Work request: The required output is the stretch from the line containing "233789 - Centro C/ Garcilaso" through the line containing "GraphicRiver Live Concert" in the records below, unaltered and with no pictures.

Data to process:
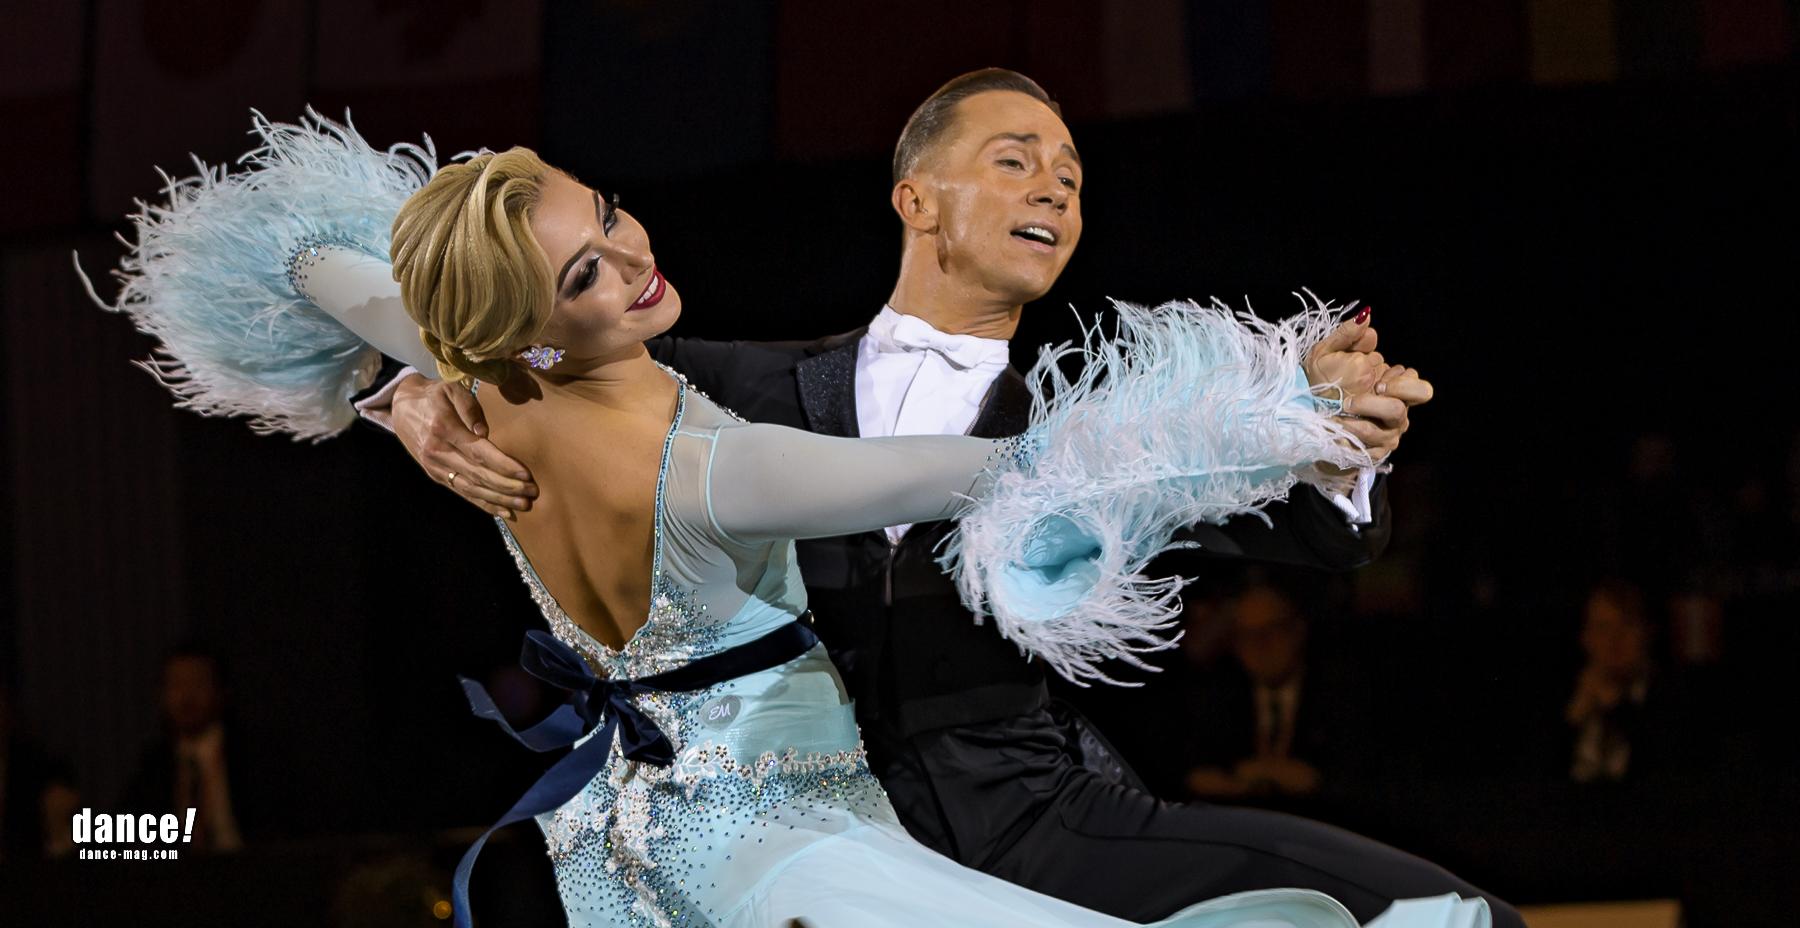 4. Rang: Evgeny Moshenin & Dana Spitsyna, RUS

---

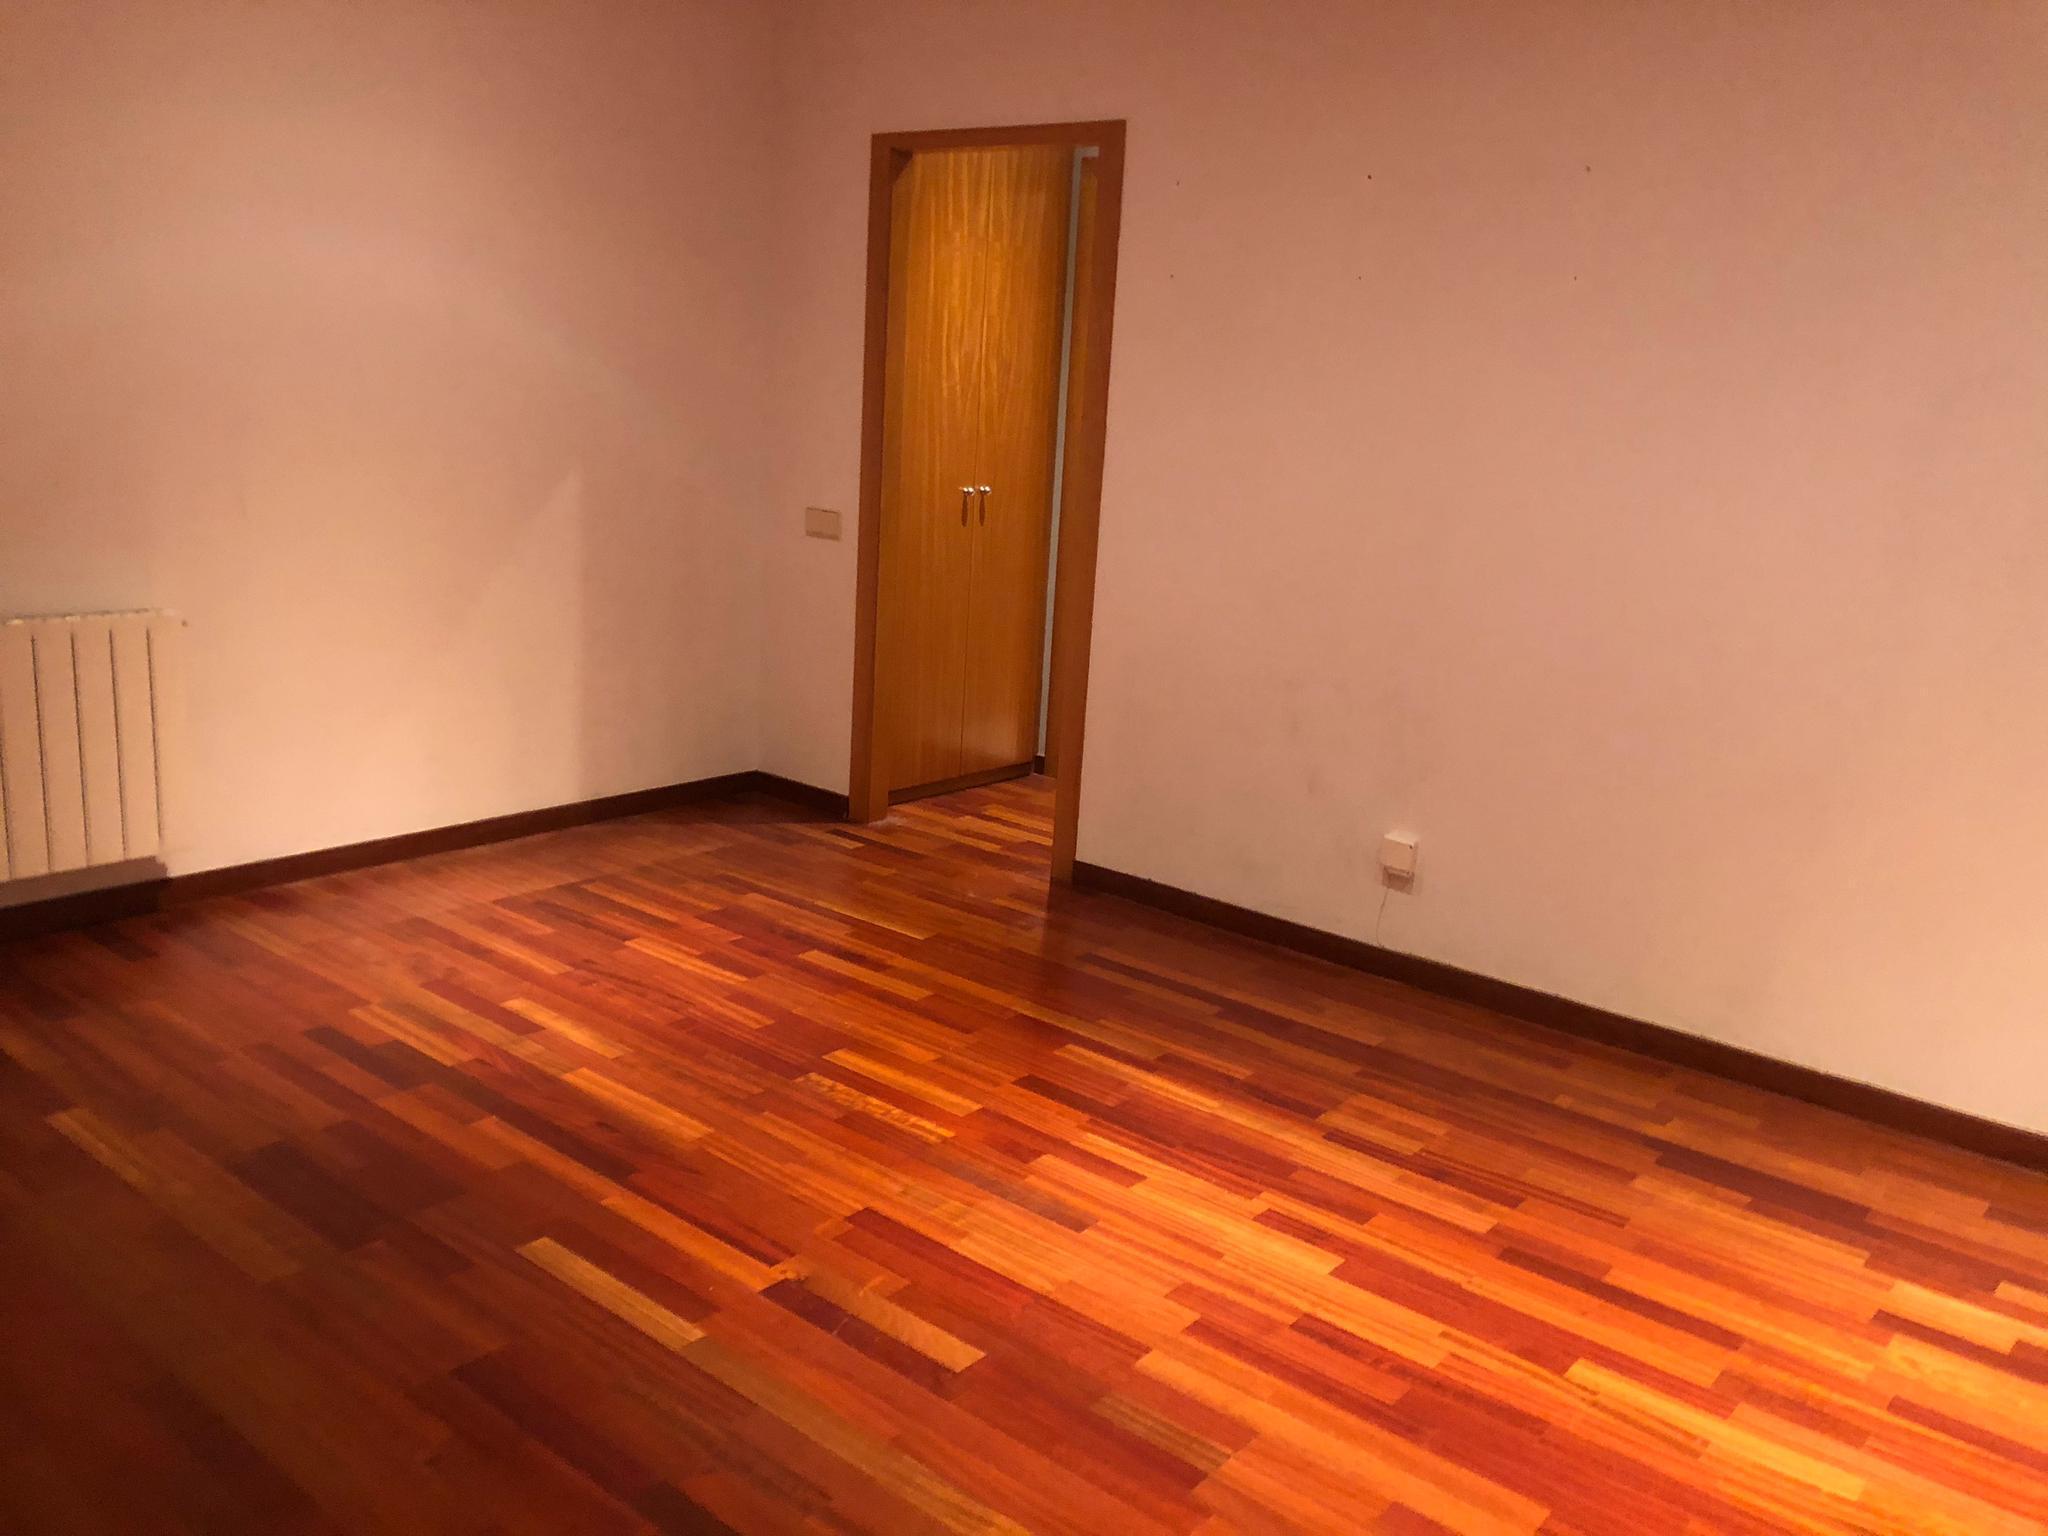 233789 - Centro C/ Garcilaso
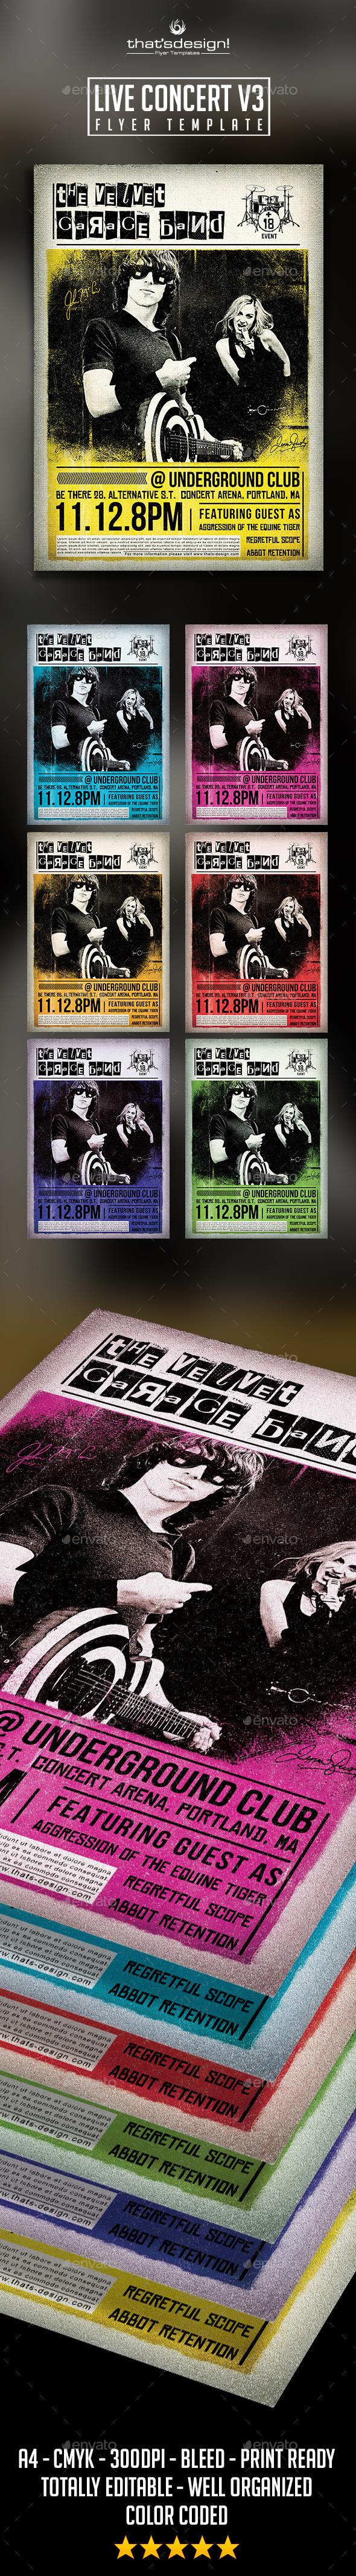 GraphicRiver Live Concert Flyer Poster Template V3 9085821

The completed task:
 233789 - Centro C/ Garcilaso
 GraphicRiver Live Concert Flyer Poster Template V3 9085821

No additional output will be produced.